━━━ Collected material
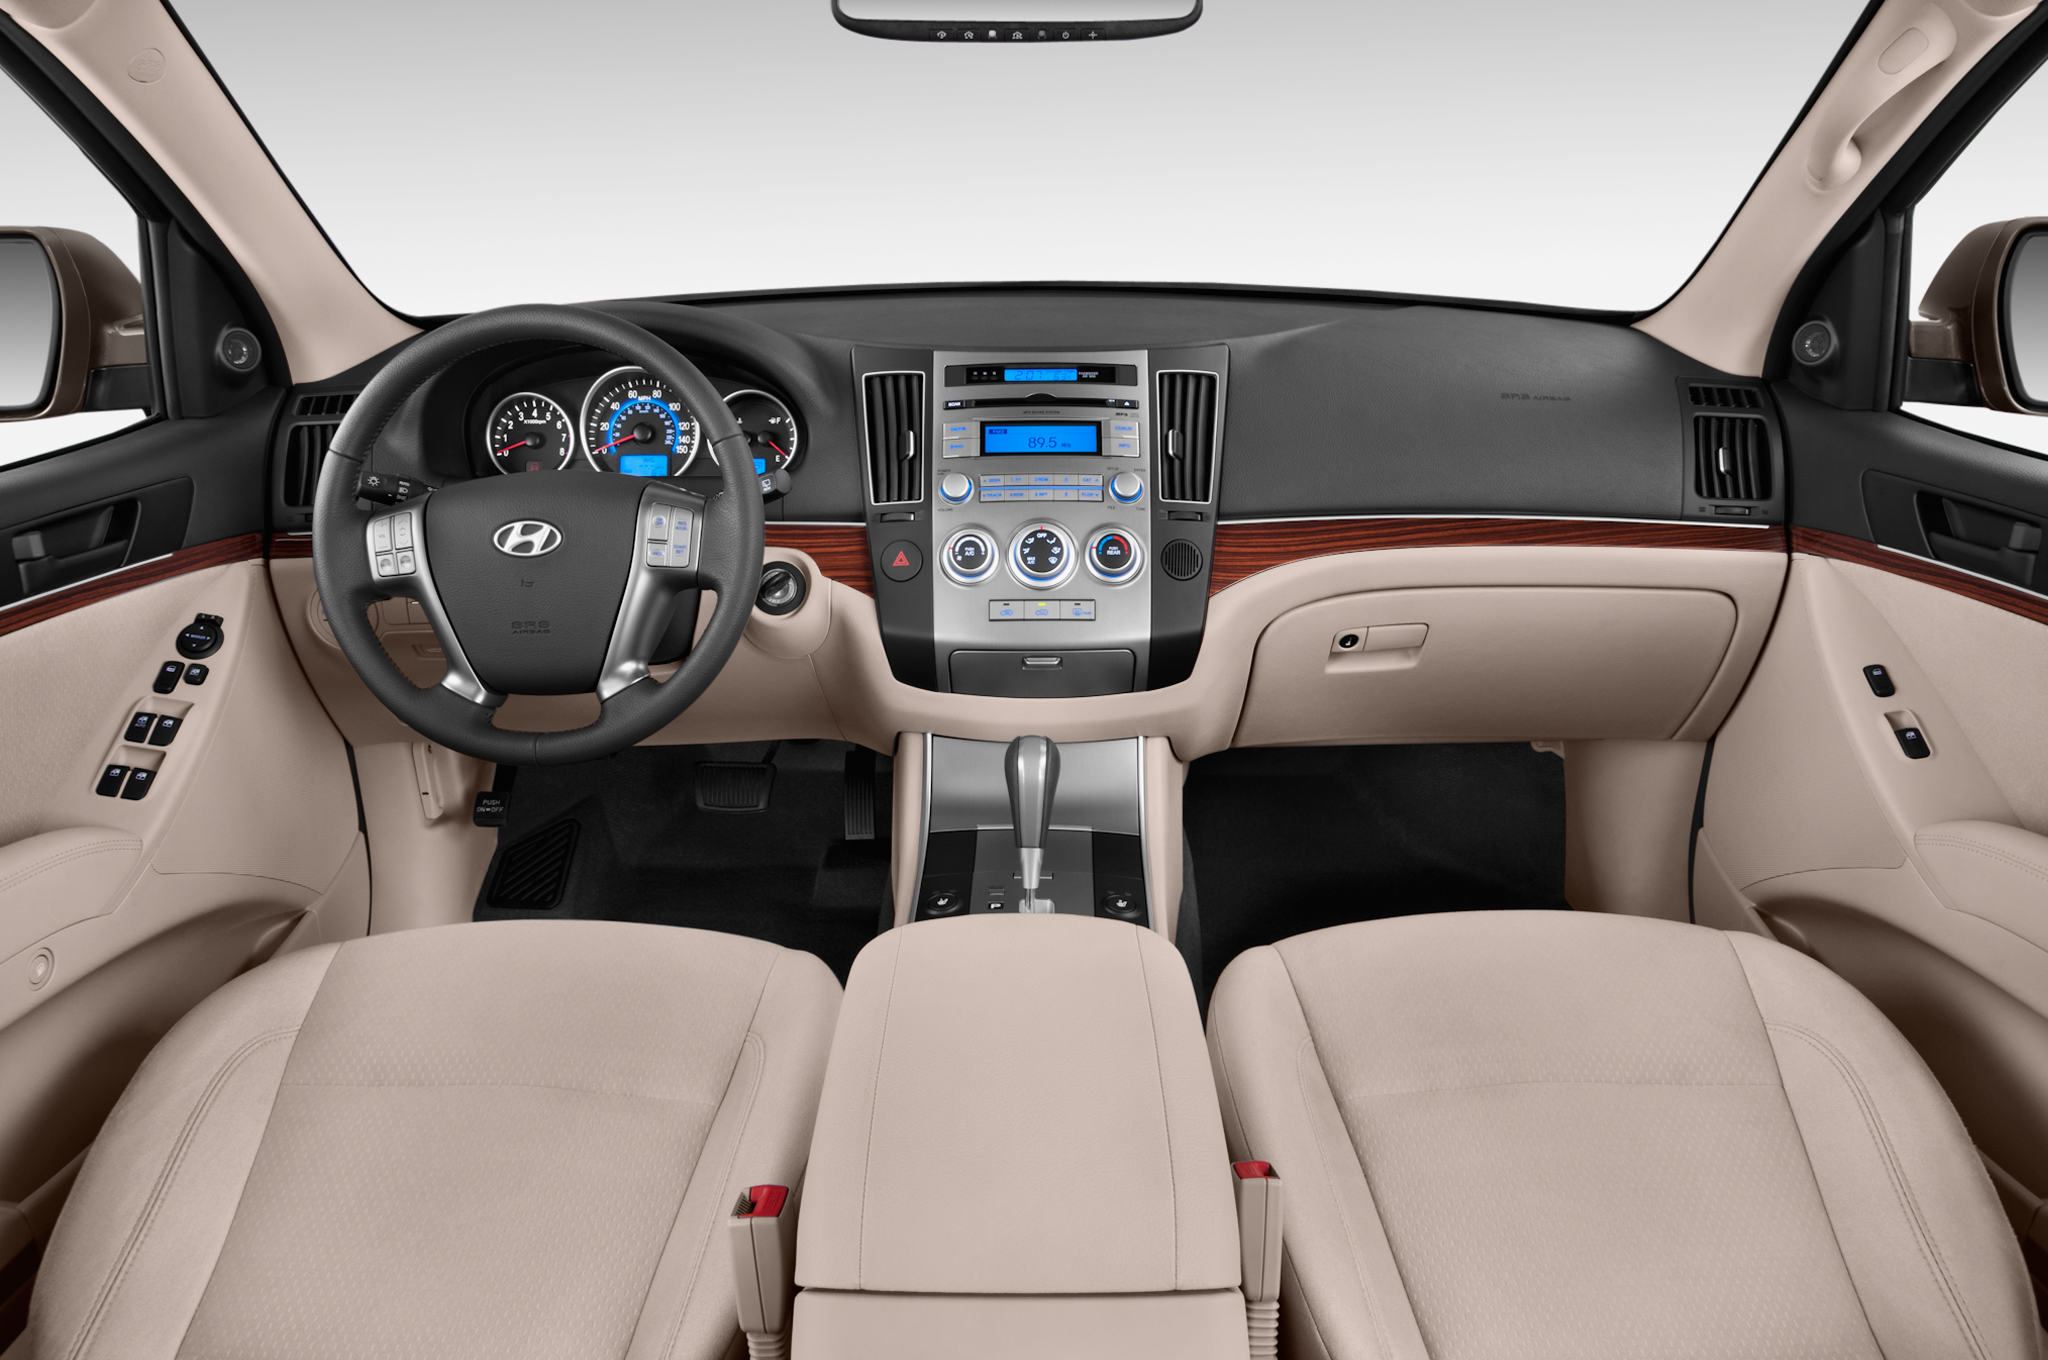 Hyundai Veracruz 2006 - 2015 SUV 5 door #3
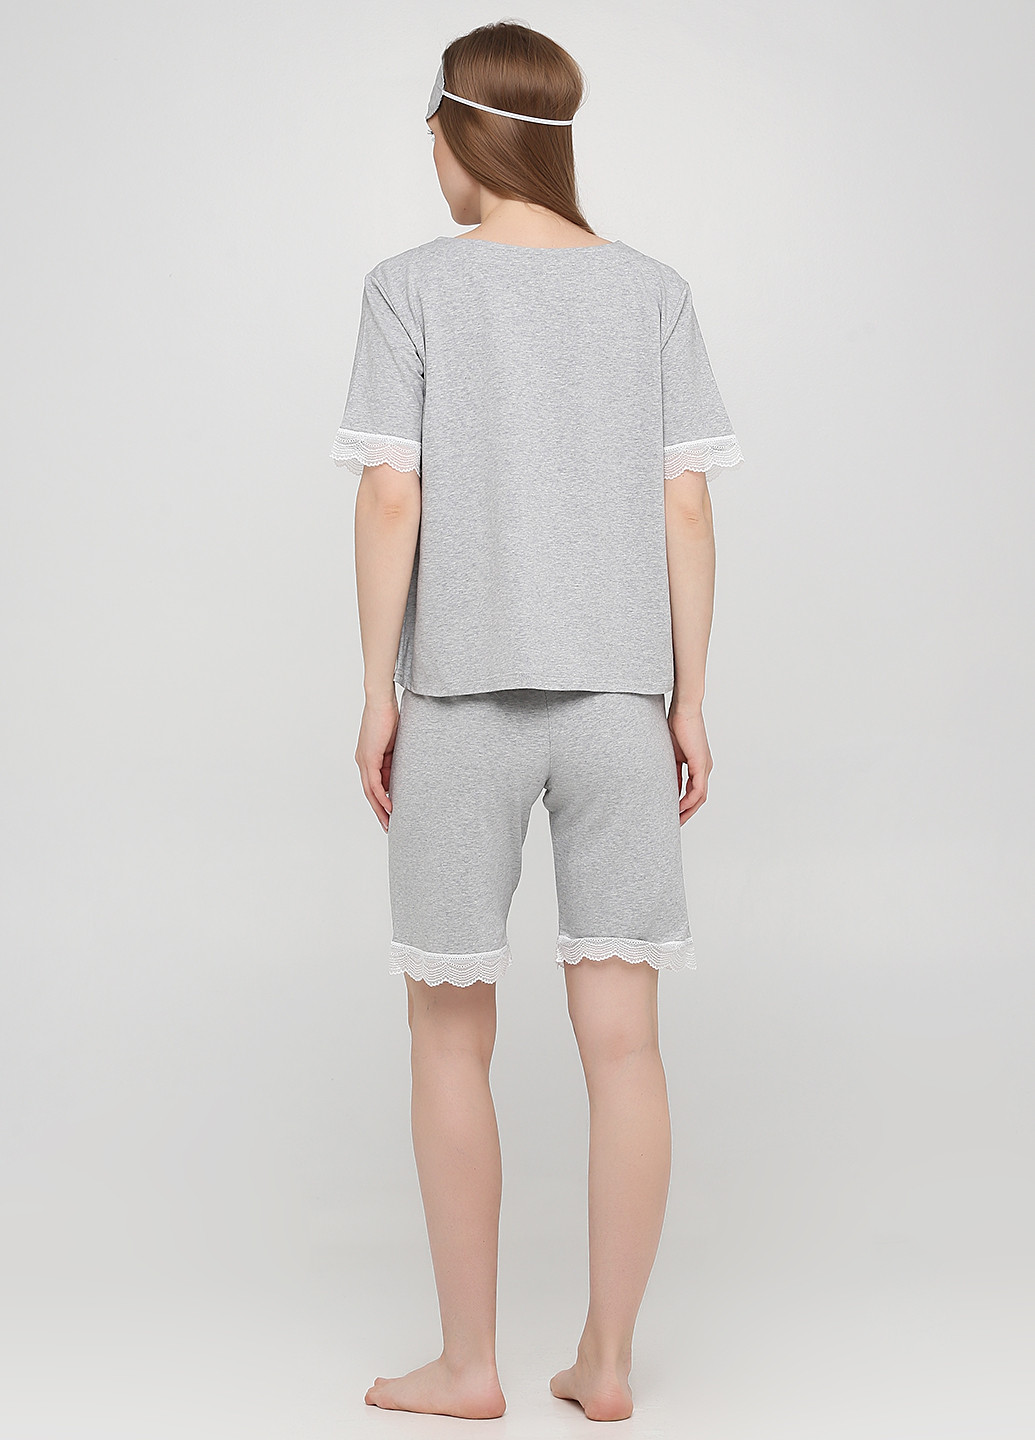 Світло-сіра всесезон піжама (футболка, шорти, маска) футболка + шорти Lucci
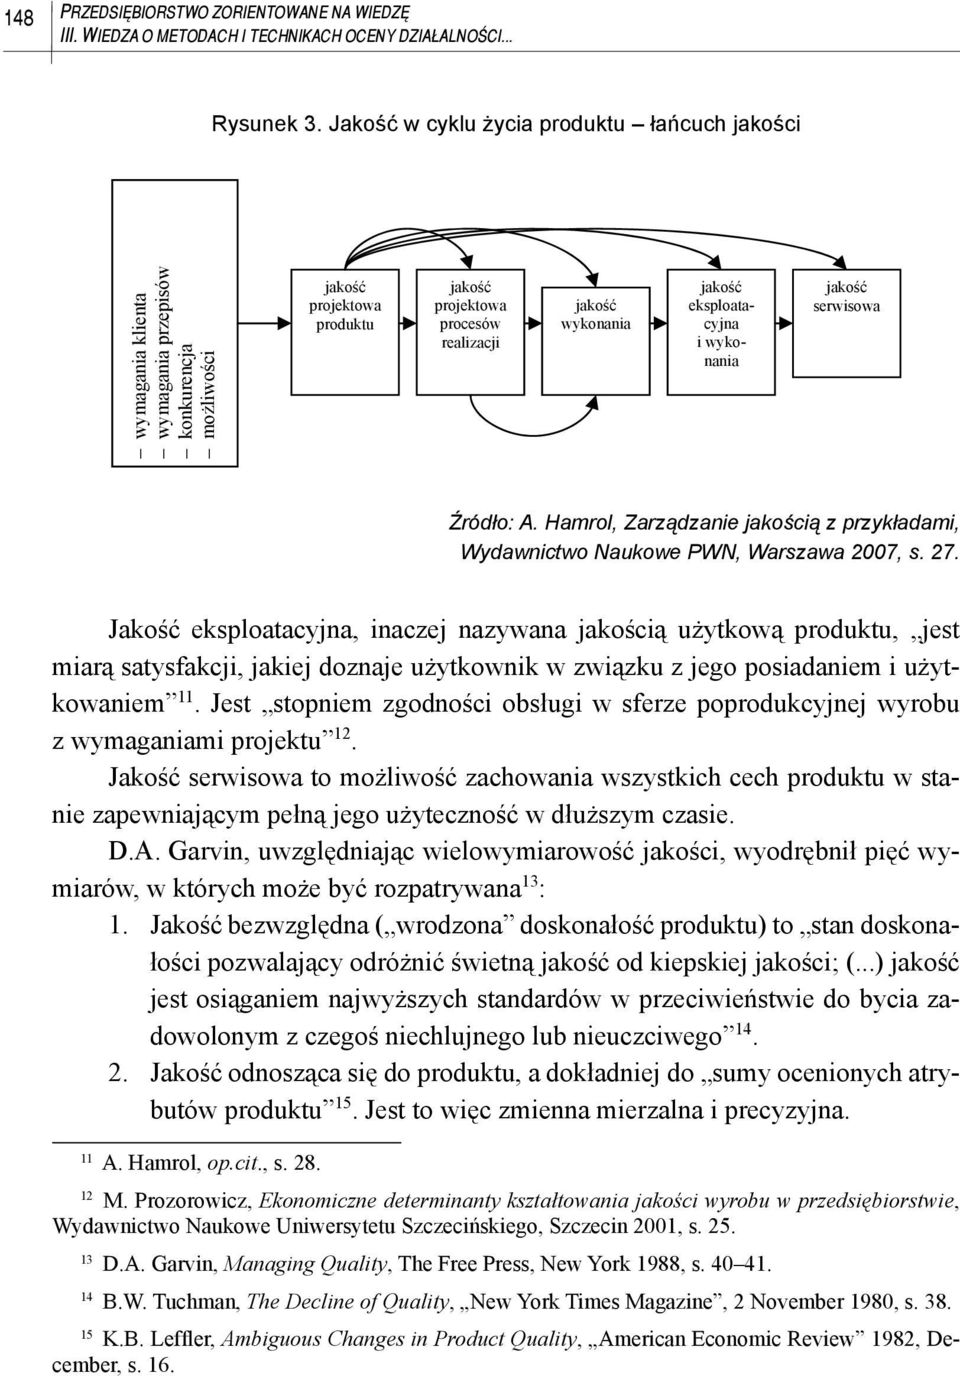 eksploatacyjna i wykonania jako serwisowa Źródło: A. Hamrol, Zarządzanie jakością z przykładami, Wydawnictwo Naukowe PWN, Warszawa 2007, s. 27.
━━━━━━
Please restate the material word for word; the pictures stay out.

 Hyundai Veracruz 2006 - 2015 SUV 5 door #3
 Світло-сіра всесезон піжама (футболка, шорти, маска) футболка + шорти Lucci
 eksploatacyjna i wykonania jako serwisowa Źródło: A. Hamrol, Zarządzanie jakością z przykładami, Wydawnictwo Naukowe PWN, Warszawa 2007, s. 27.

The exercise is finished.